The Accept-Language parser is hardened against abuse:

  • The header is capped at 256 bytes.
  • ASCII-only — non-ASCII bytes trigger a fallback to en.
  • A strict allowlist regex rejects malformed quality factors and unknown locales.
  • The supported locales are en and pt; any other locale falls back to en.

The render function is an exhaustive match over (template_id, locale). Every supported template has a string for every supported locale, enforced at compile time. Adding a pt translation that is missing or stale is a build failure, not a runtime fallback.

The current set of locales is {en, pt}. Adding a new locale is an explicit gateway release, not a configuration toggle.

This is the most important contract: the explanation text never references prompt content. The render function takes a (template_id, params) pair where params is a closed sub-schema of typed scalars — sample counts, confidence values, the gap to the runner-up, the bucketed regression count, and provider/model identifiers. None of these fields ever carry caller-controlled text.

Provider and model strings pass through a sanitizer before they are interpolated into the template:

  • Anything outside [a-zA-Z0-9._/-] is dropped.
  • The result is bounded so a hostile model name cannot blow up the prose.
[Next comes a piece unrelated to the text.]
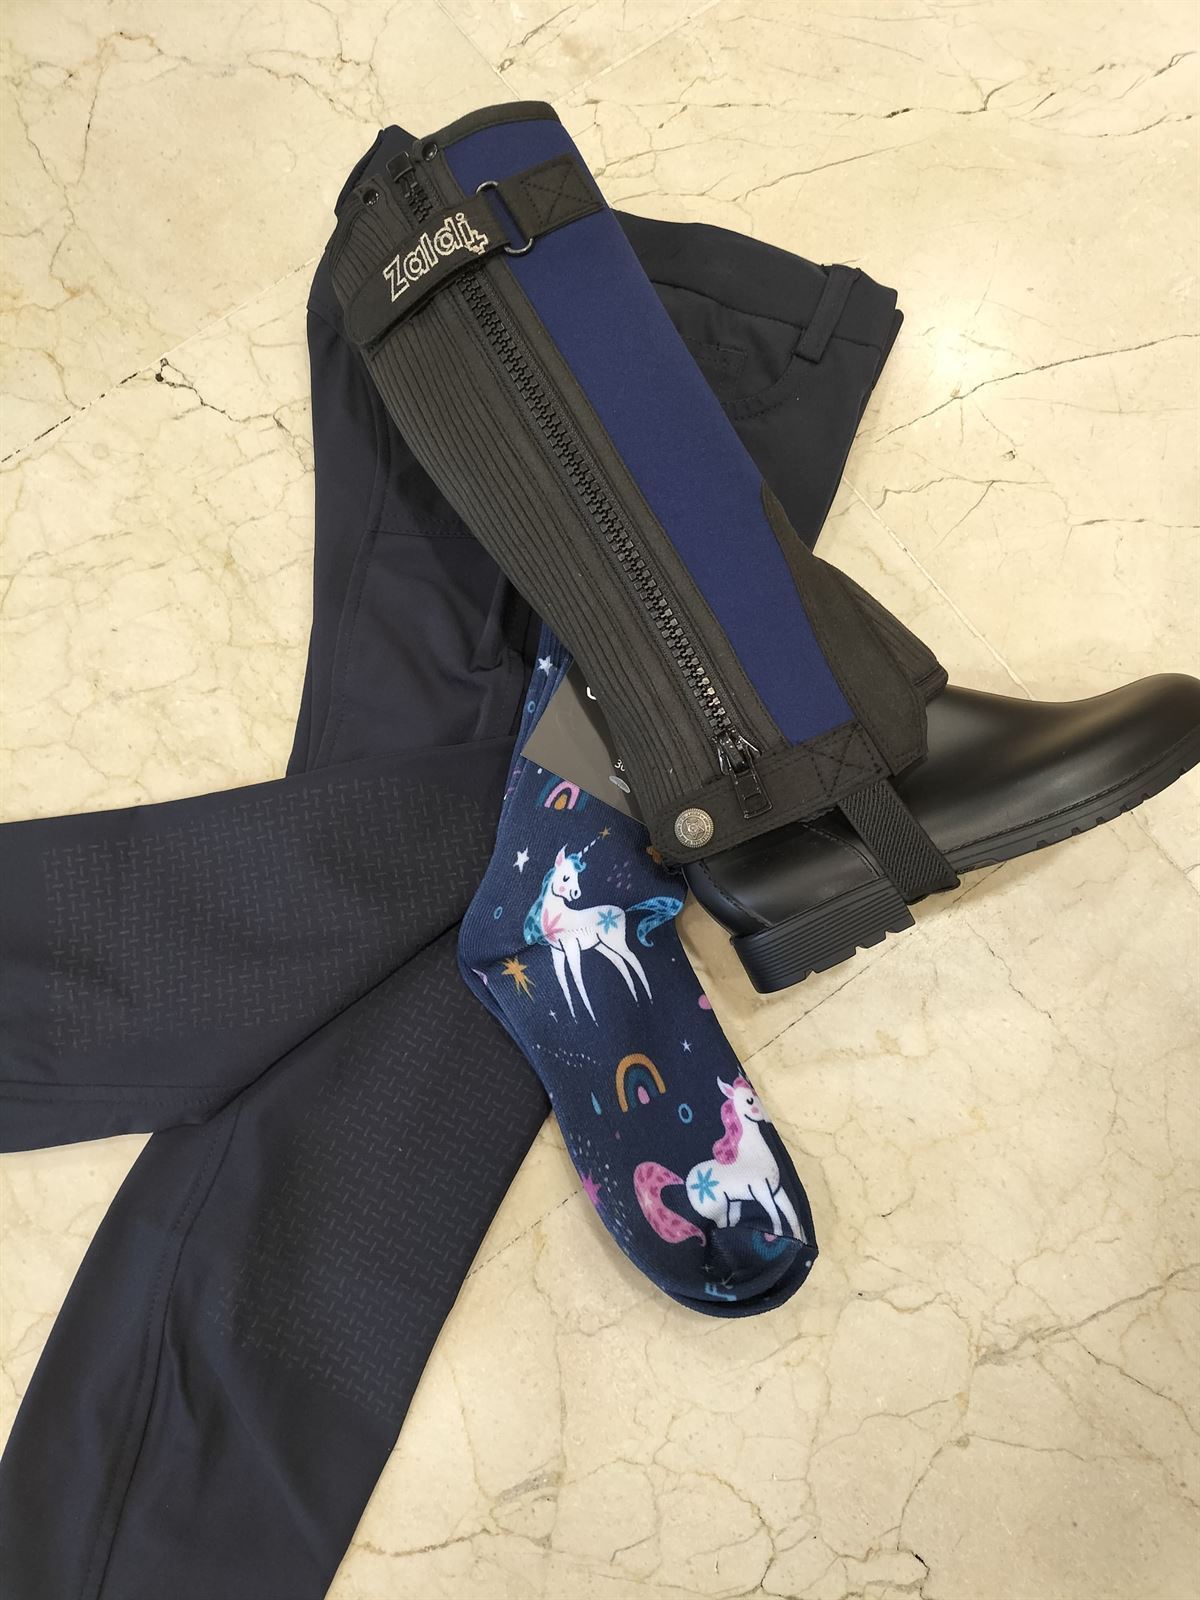 Pantalón unisex HKM Sports Equipment Sunshine color azul marino, rodilla silicona, tallaje infantil - Imagen 5

The output is also defensively truncated to 600 characters at the edge of the renderer, fuzz-tested for control characters, and gated against Markdown control characters. The dashboard renders the text inside a <p> element as plain text — no HTML, no Markdown.

Two reasons.

First, security and storage: if explanation prose were persisted in decision_trace, every byte of every decision would carry an attack surface for stored-text injection forever. By keeping the persisted artifacts strictly typed (explanation_template_id plus explanation_params), the audit row stays small, machine-friendly, and free of free text.

Second, internationalisation: rendering at read time means a customer who reads the same decision in en today and pt tomorrow gets two different paragraphs from one stored decision. There is no migration step when we ship a new locale or refine a template — every existing decision picks up the new prose immediately.

The explanation field is not added to:

  • GET /v1/decisions (the list endpoint) — too verbose for a paginated list view.
  • GET /v1/export/decisions — exports are machine-consumed; the persisted template_id is intentionally excluded from the export allowlist so the wire shape is stable across customers regardless of locale support.

If you want the explanation, fetch the single decision: GET /v1/decisions/{request_id}.

The Floopy onboarding “shadow setup” step uses our internal model catalog to pick a sensible cheaper alternative for the model the customer just connected. When that step’s experiment writes its first decisions, the explanation template will typically be one of the Smart Cost or Feedback-Driven branches, depending on whether the customer is already running Feedback-Driven routing.